## Queues (In and Out of Order)
## Learning Objectives
* Learn about out-of-order and in-order execution
* Learn about how to use in-order queues for maximal performance
#### Out-of-order execution
![SYCL](../common-revealjs/images/out_of_order_execution.png "SYCL")
* SYCL `queue`s are by default out-of-order.
* This means commands are allowed to be overlapped, re-ordered, and executed concurrently, providing dependencies are honoured to ensure consistency.
#### In-of-order execution
![SYCL](../common-revealjs/images/in_order_execution.png "SYCL")
* SYCL `queue`s can be configured to be in-order.
* This mean commands must execute strictly in the order they were enqueued.
#### Using an out-of-order queue (USM)
sycl::queue Q;
for (std::function task: tasks)
Q.submit(task);
Q.wait();
* All commands can execute concurrently if hardware allows it
* See exercise for real world data
#### Using an out-of-order queue (USM): how to handle dependencies?
sycl::queue Q;
auto e1 = Q.submit(taskA);
auto e2 = Q.submit([&](sycl::handle &cgh) {
cgh.depends_on(e1);
taskB();
}
auto e3 = Q.submit([&](sycl::handle &cgh) {
cgh.depends_on(e1);
taskC();
}
Q.submit([&](sycl::handle &cgh) {
cgh.depends_on({e2,e3});
taskD();
}.wait();
* Define an ordering manually (error prone)
* Scheduling done automatically (maximize concurrency)
* Dynamic scheduling (potentially higher latency overhead than manually crafted scheduling)
#### Using an in-order queue (USM)
sycl::queue Q{sycl::property::queue::in_order};
for (std::function task: tasks)
Q.submit(task);
Q.wait();
* All commands are executed serially
* Ease of programming (no race conditions can occur)
* Potentialy lower-latency than out-of-order queues
* Doesn't allow concurrency, potentially suboptimal performance
#### Using an out-of-order queue to enable concurrency in kernel execution (USM)

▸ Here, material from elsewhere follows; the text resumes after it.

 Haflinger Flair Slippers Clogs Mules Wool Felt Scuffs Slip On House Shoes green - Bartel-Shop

std::vector> queues_tasks;
for (auto [Q, task]: queues_tasks)
Q.submit(task);
for (auto [Q, _]: queues_tasks)
Q.wait();
* Manual Scheduling (tasks need to be mapped to queues)
* Allow concurency between queues
* Painful to extract full concurrency
## Note on buffer/accessors
* Best of Both worlds
* Buffer / Accessors automatically handle dependencies for you (no need for `depends_on`)

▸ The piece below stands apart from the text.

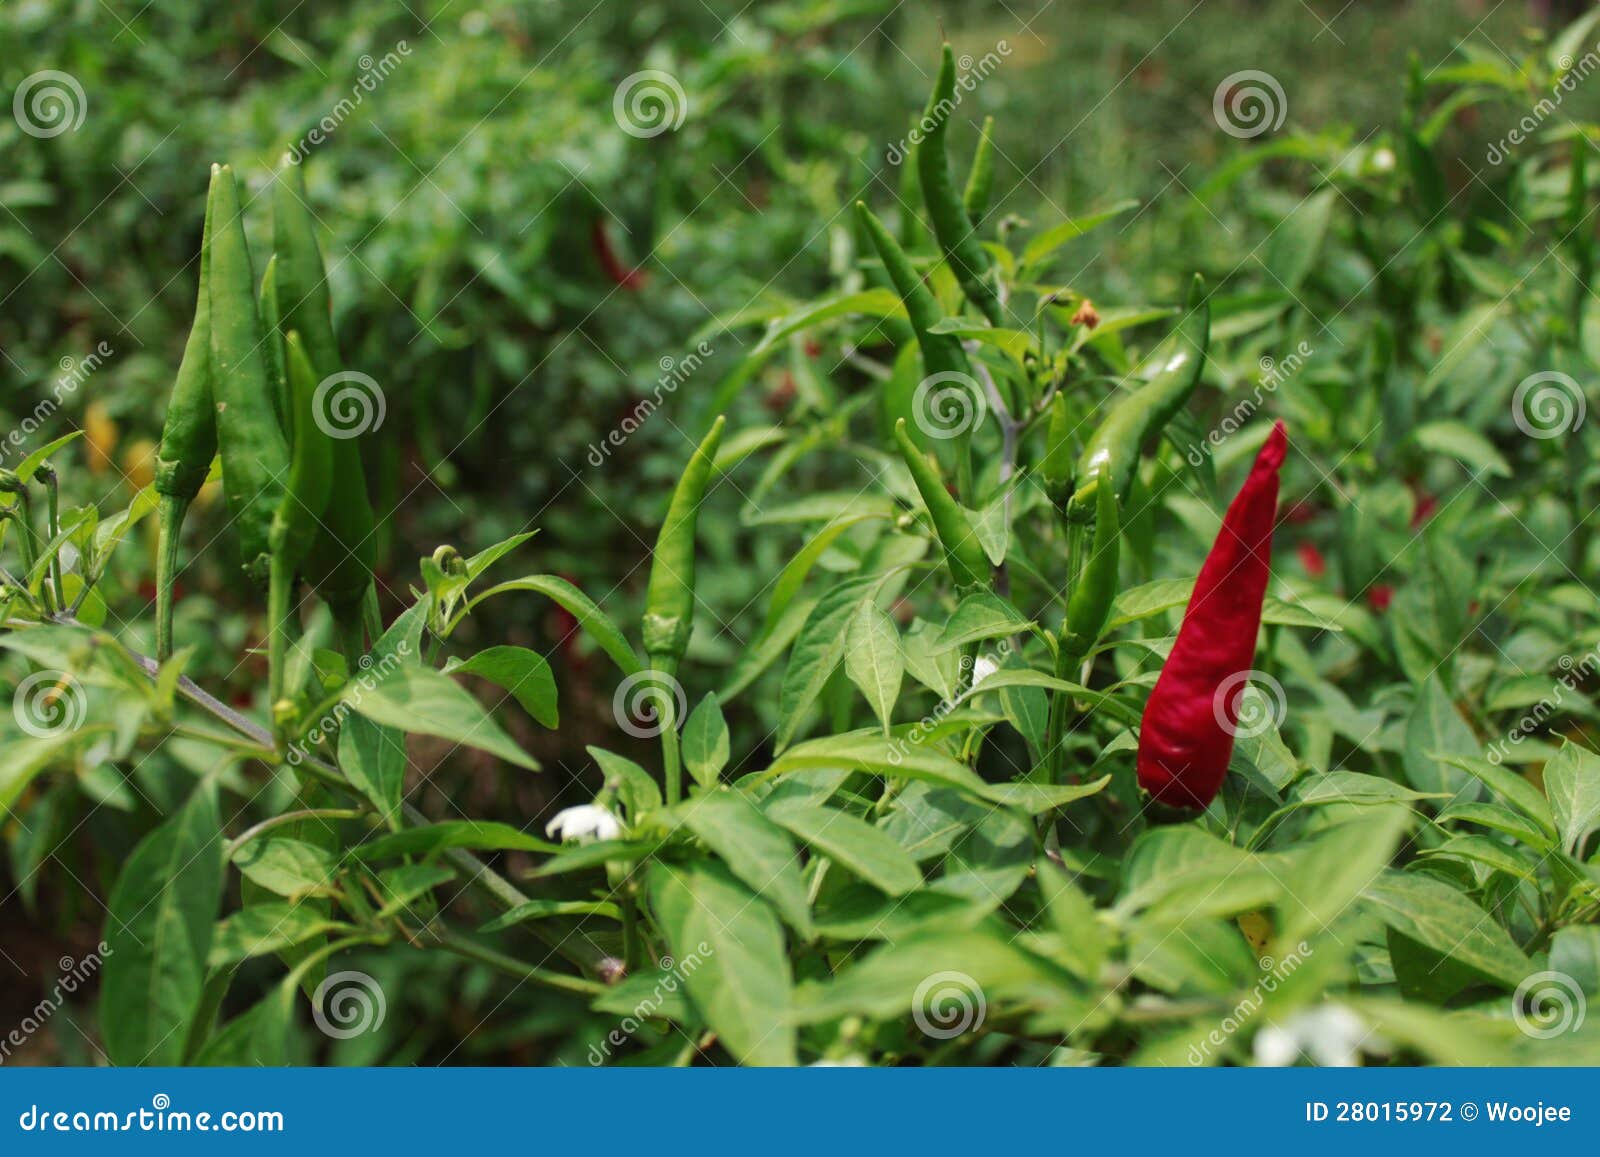 in the field of pepper

* Hence, using in or out-of-order queues with buffer/accessors will not change the semantics of your program!
* Can use out-of-order without any drawbacks.
#### Exercise
Code_Exercises/In_Order_Queue/source_queue_benchmarking.cpp
- Transform the serial in-order scheduling to allow concurrent execution (using an out-of-order queue or multiple in-order queues)
- Mesure speedup
#### Exercise
Code_Exercises/In_Order_Queue/source_vector_add.cpp
![SYCL](../common-revealjs/images/in_order_diamond_data_flow.png "SYCL")
Take the diamond data flow graph we implemented in the last exercise and convert it to use an in-order `queue`.